The Penland Gallery and Visitors Center’s Focus Gallery has opened Aviculae, its second exhibit of the season. A suite of felted-wool sculptures and drawings by artist Stephanie Metz, this exhibition is on view from  Friday, May 4 through Sunday, May 27.

Avicular #9
"Avicular #9," felted wool

“The wool drawings and sculptures in the ‘Aviculae’ exhibit are an investigation into capturing the likeness of birds while calling attention to their complicated place in the human psyche. (‘avicular’ is Latin for ‘birdlike’). Birds are a loaded subject: people layer them with meaning, portent, and human-like characteristics; breed them into seemingly impossible forms; use them as living decorations; and depend on them to gauge the health of the environment. Birds tend to provoke strong and irrational responses: doves are revered and pigeons are reviled, yet they are the same species; crows are credited with cleverness and tool use and yet considered sinister for those same qualities. I’m drawn to the contradictions embodied in birds, and I am aesthetically attracted to them for the same reason: they are elegant in the large view, but also delightfully grotesque in the details– those feet!”

Bird Leg Gesture
"Bird Leg Gesture," wool felted through paper

“In the same way, the material I use, wool, brings up dueling responses: it’s soft and warm and full of domestic references, but it is hair, which also triggers the ‘gross-out’ response. Depending on its use, wool is noble or humble, arty or crafty, sophisticated or simple.
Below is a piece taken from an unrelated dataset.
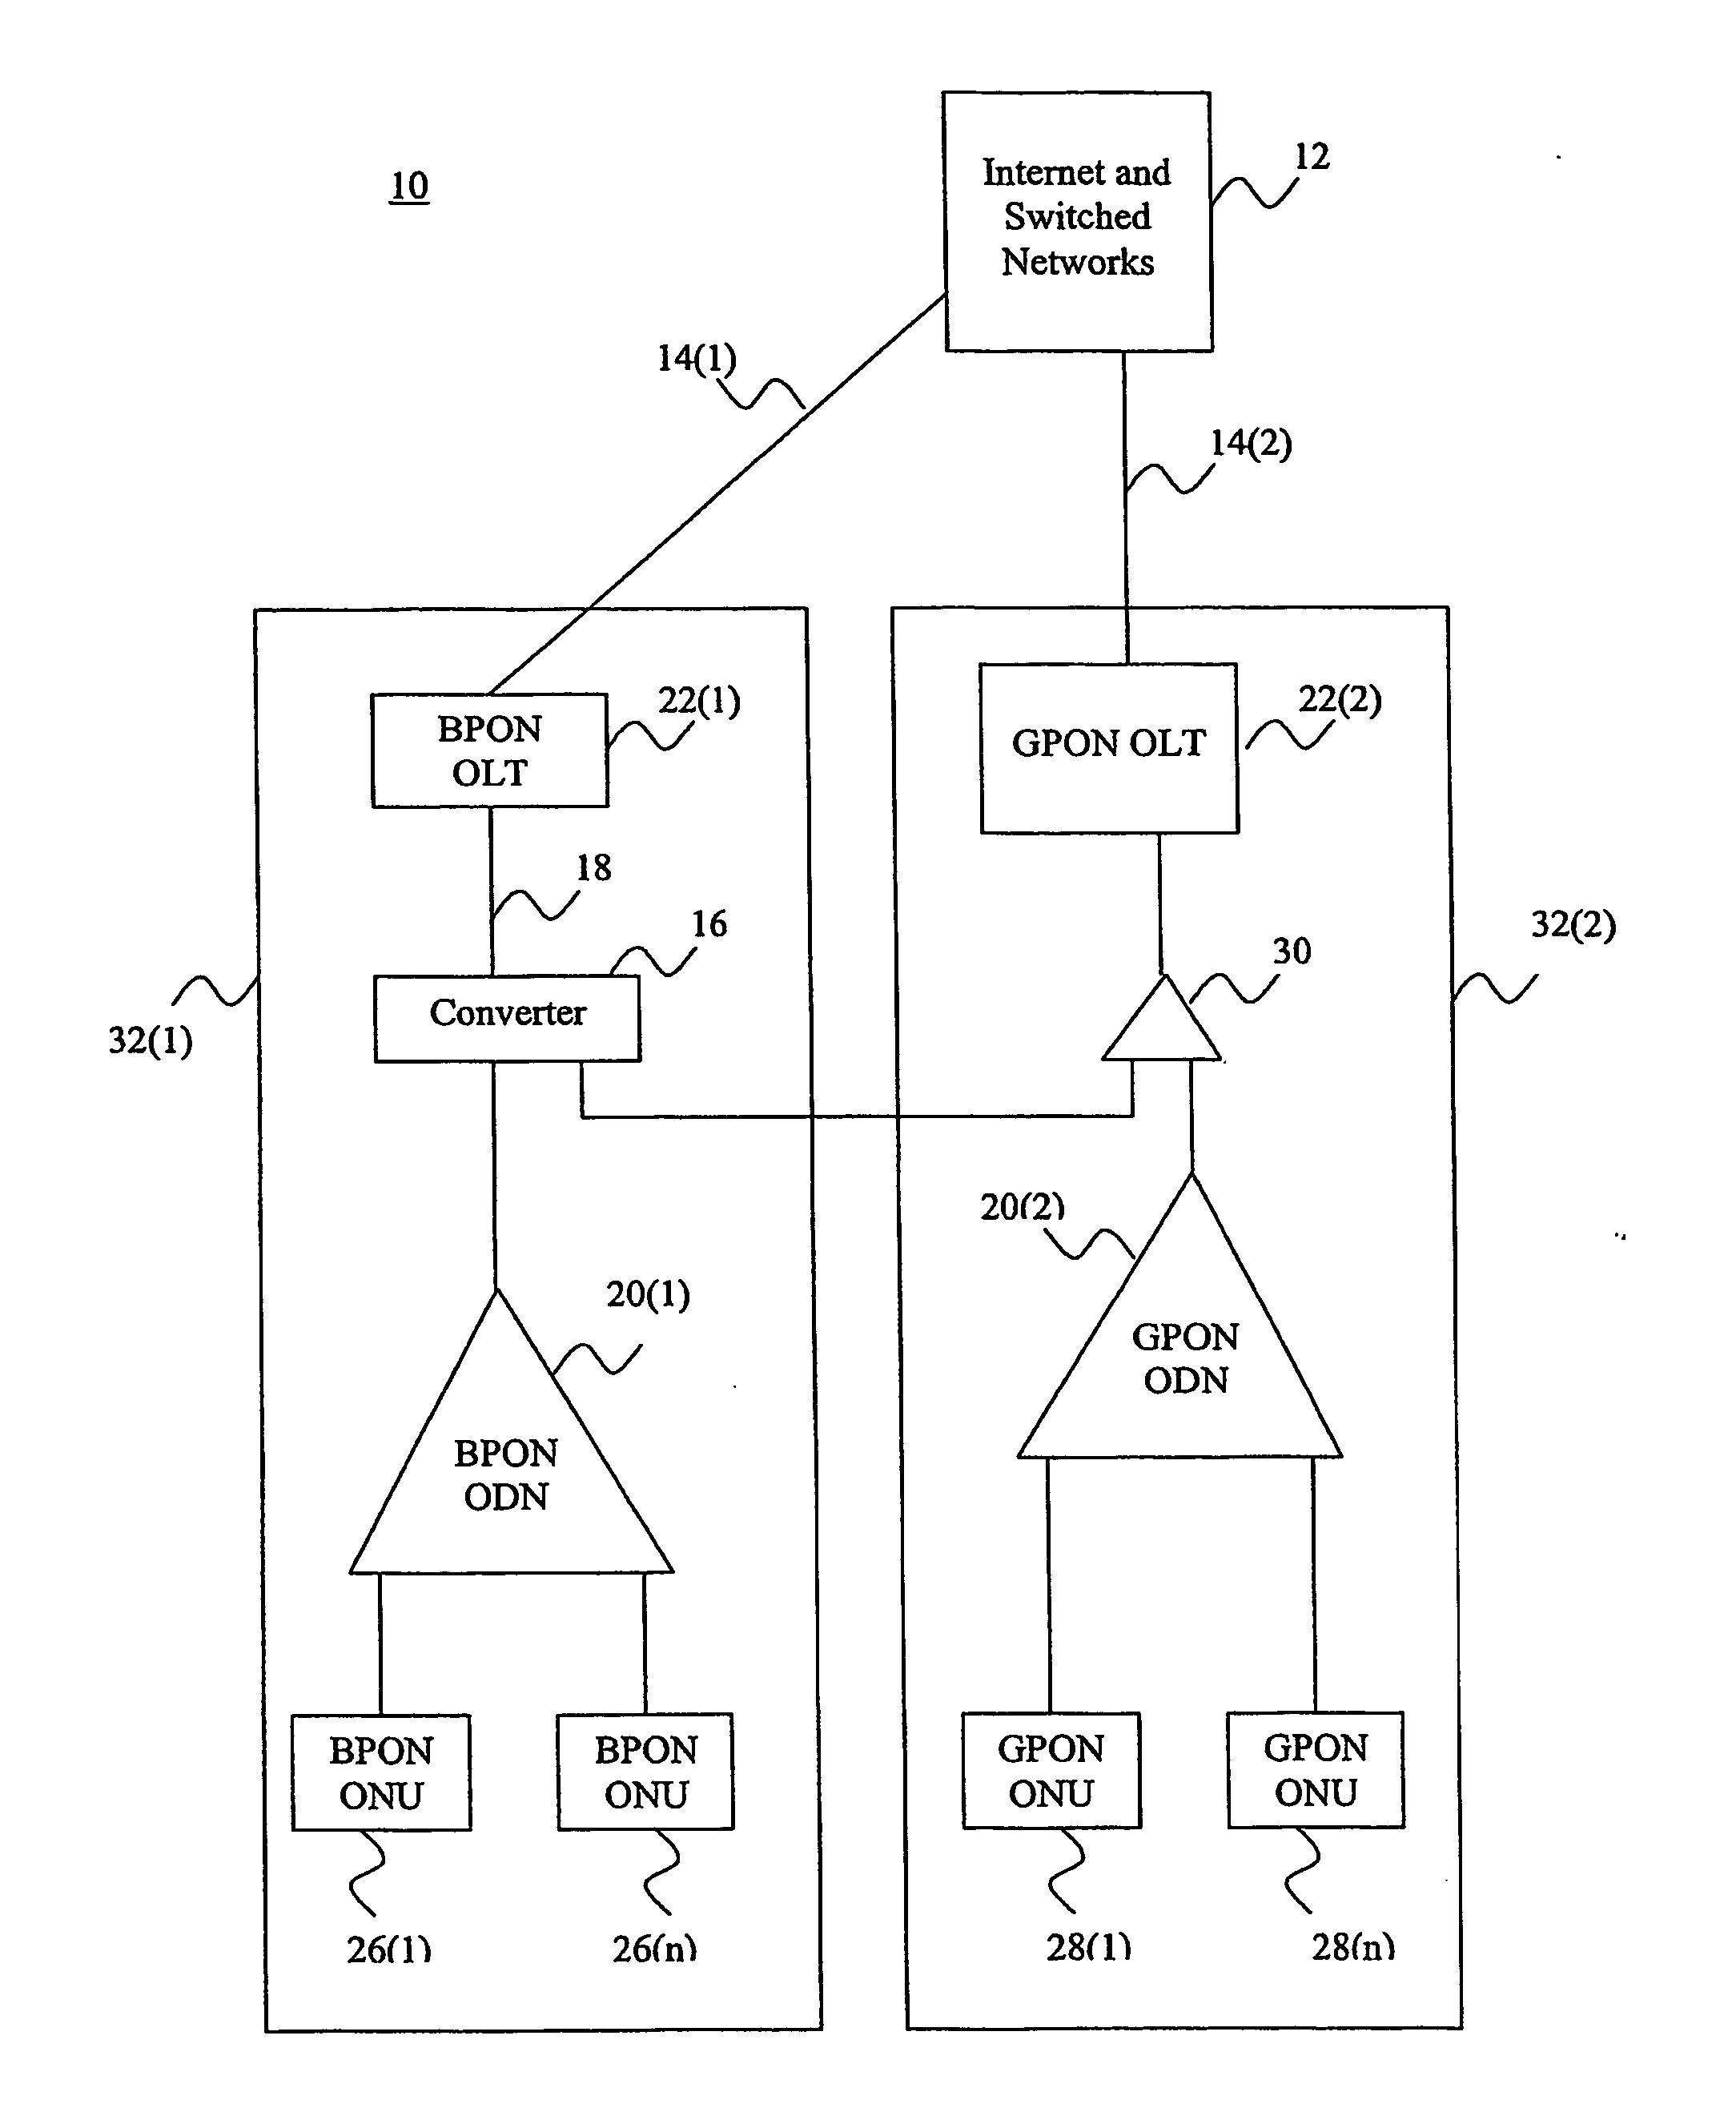 Method and apparatus for communicating between a legacy pon network and an upgraded pon network
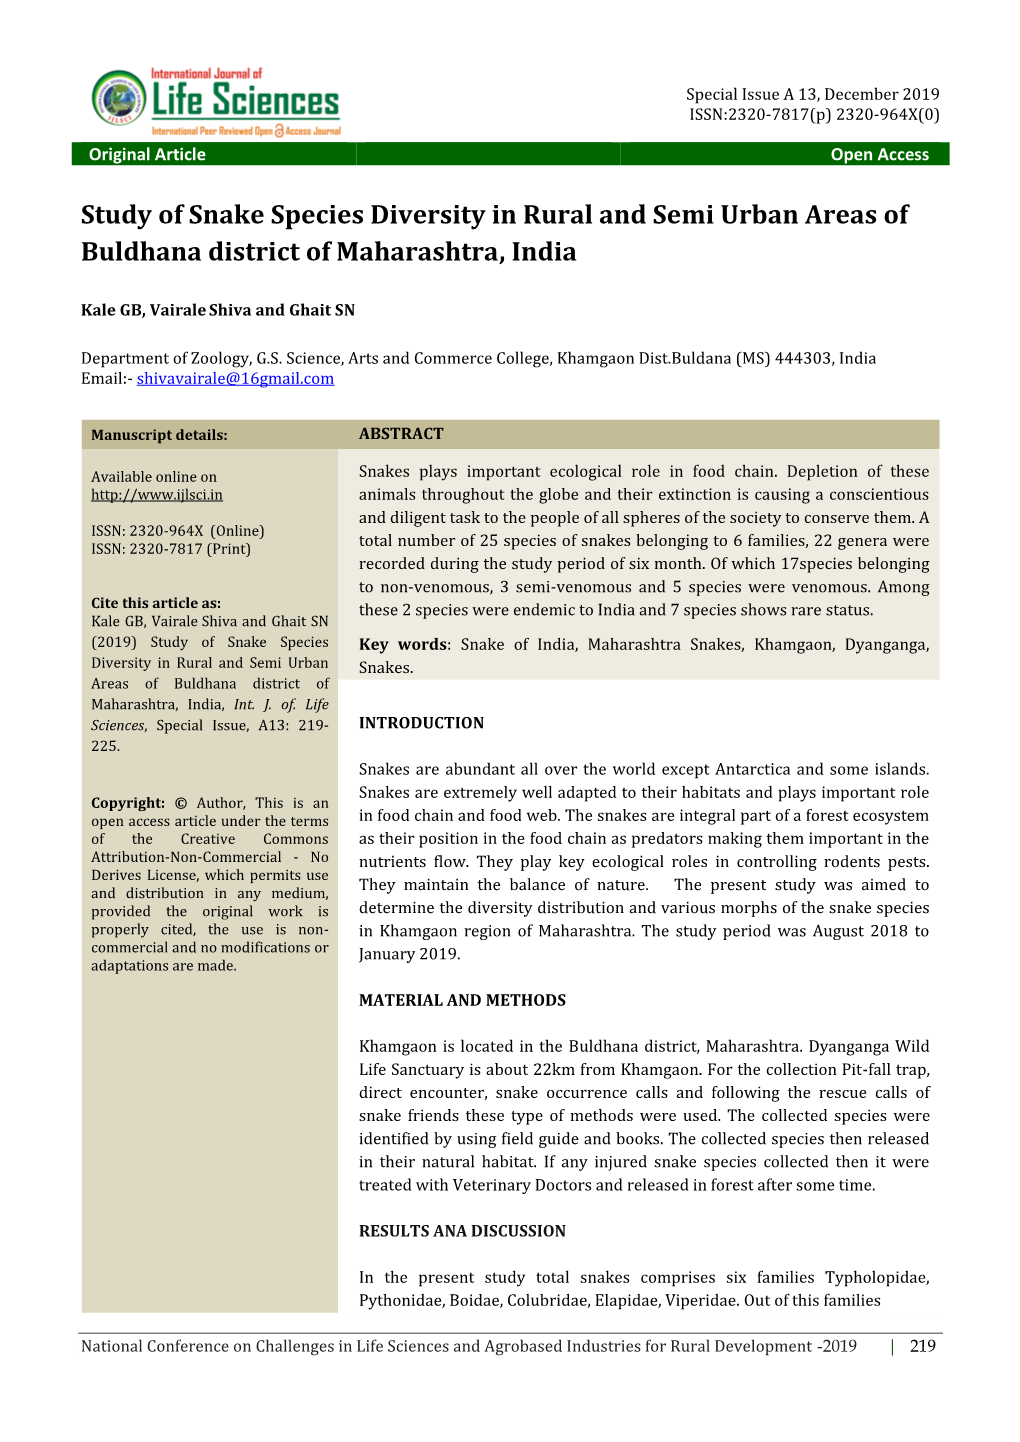 Study of Snake Species Diversity in Rural and Semi Urban Areas of Buldhana District of Maharashtra, India

I am a ‘gray’ person: I have a hard time seeing all black or white on any issue, so it seems fitting that I also embrace a complicated material to reflect on the complicated world.”

Avicular #12
"Avicular #12," felted wool

“To sculpt with wool I use a technique called needle felting. Taken from industrial origins and a subsequent craft tradition, needle felting refers to using specialized sharp, barbed needles to mat individual fibers into a united solid mass, held together by the microscopically scaly surfaces of the wool. In a process similar to hand building in clay, I repeatedly plunge hand-held felting needles into a mass of loose, fluffy wool to create nearly solid forms. To create my wool drawings I force wool fibers through paper so that the dark-colored hair acts as a mark or a line, yet has a three-dimensional character.” – Stephanie Metz

Damask Crow
"Damask Crow (detail)," wool felted through paper

Click here to visit Stephanie Metz’s website, where you can see more of her work.

Click here to visit the Penland Gallery website.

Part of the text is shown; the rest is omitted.